Analyzing with Python
You can run Python scripts that retrieve data from and write data to a Db2® database.
Such scripts can be powerful tools to help you analyze your data. For example, you can use them to generate statistical models based on data in your database, and to plot the results of these models. Scripts can be run directly from within a Python execution environment, or from within a Jupyter notebook.
In-database analytics using Python
To process data, most native Python functions require that the data first is extracted from a database to working memory. Such a function is called an in-application function. A different type of function, called an in-database function, operates directly on data in a database, without requiring the data to be extracted. Consequently, you can use an in-database function to analyze large amounts of data that would be impractical or impossible to extract.

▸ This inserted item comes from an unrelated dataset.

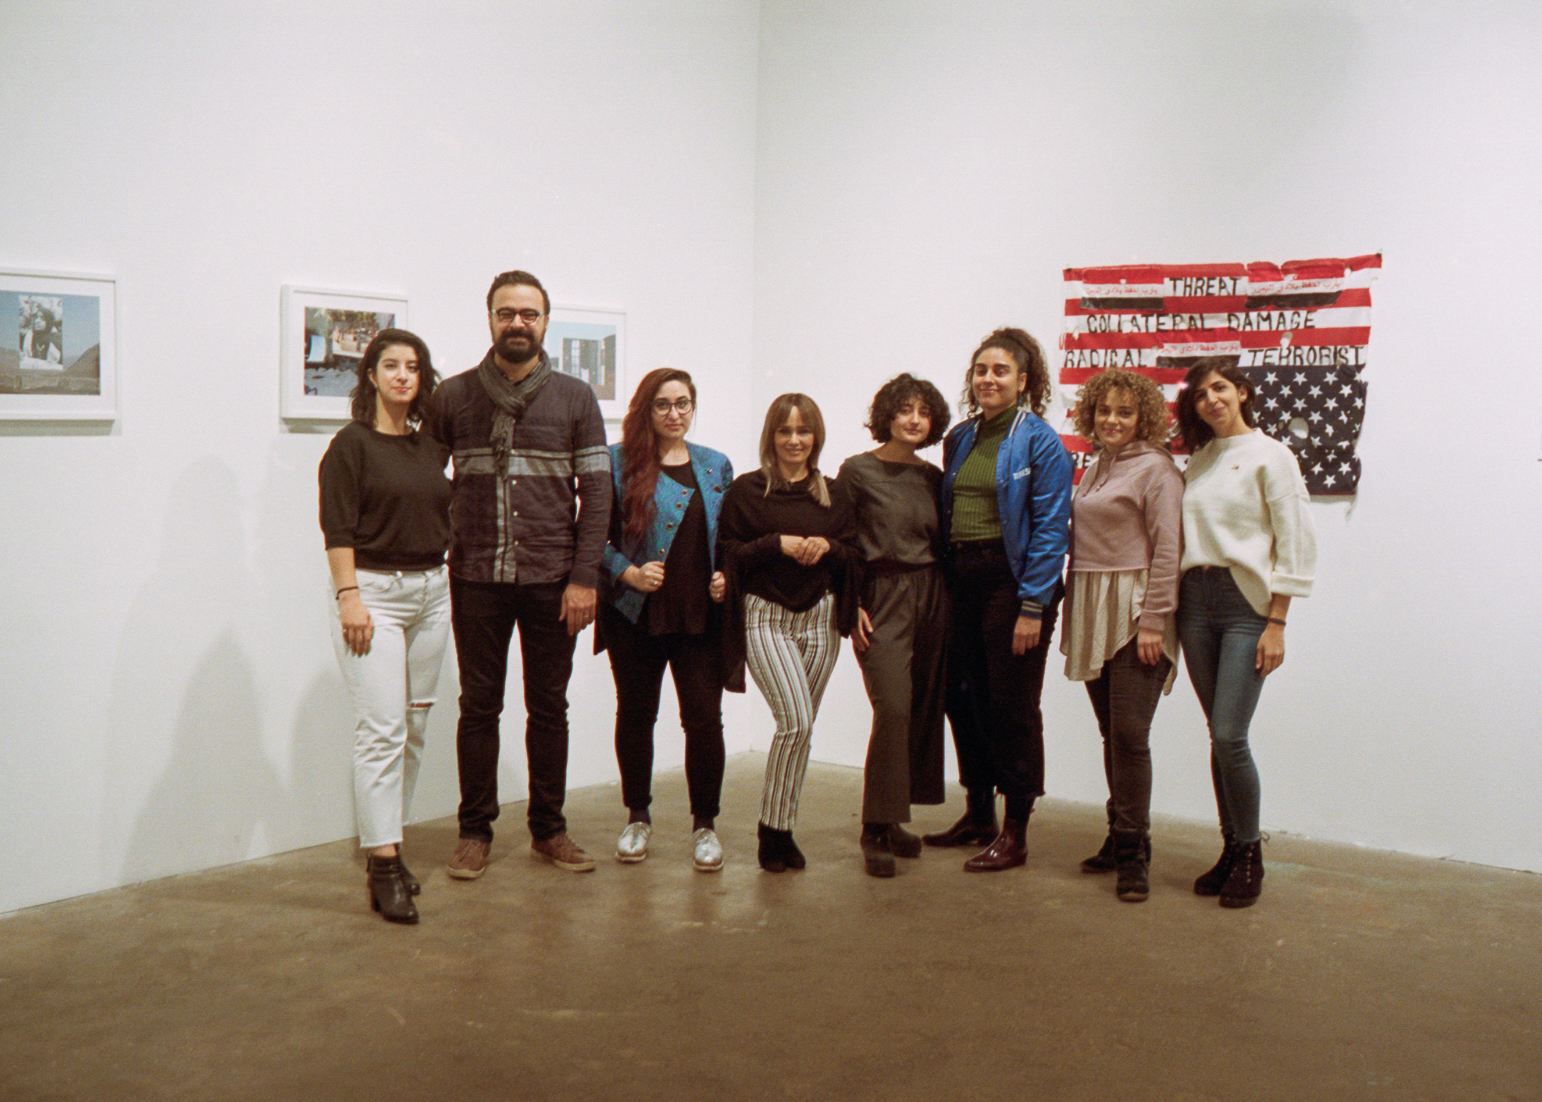 From left to right:Kiana Pirouz, Farhad B  arham  , Soraya Majd, Asiya Al-Sharabi, Tandis Shoushtary, Carmen Daneshmandi, Gina Malek, and Mahya Soltani. Photo by Jack Newton.

In-database functions can use performance-enhancing features of the underlying database management system, such as columnar technology. Using in-database functions also avoids security issues that are associated with extracting data and ensures that the data that is being analyzed is as current as possible. Some in-database functions additionally use lazy loading to load only those parts of the data that are actually required, to further increase efficiency.
Both in-application and in-database functions are equally easy to use. An in-application function operates on a construct called a data frame, which is a container that holds, in memory, a copy of the data to be processed. An in-database function operates on a similar construct called an IDA data frame. An IDA data frame does not hold any data directly. Instead, it holds a reference to a table or view in the database or to a selection of rows and columns within that table or view. When a function or method is applied to an IDA data frame, it is usually not run in the application, but is translated into an SQL query. The query is then run against the database, and the result is translated into a Python object.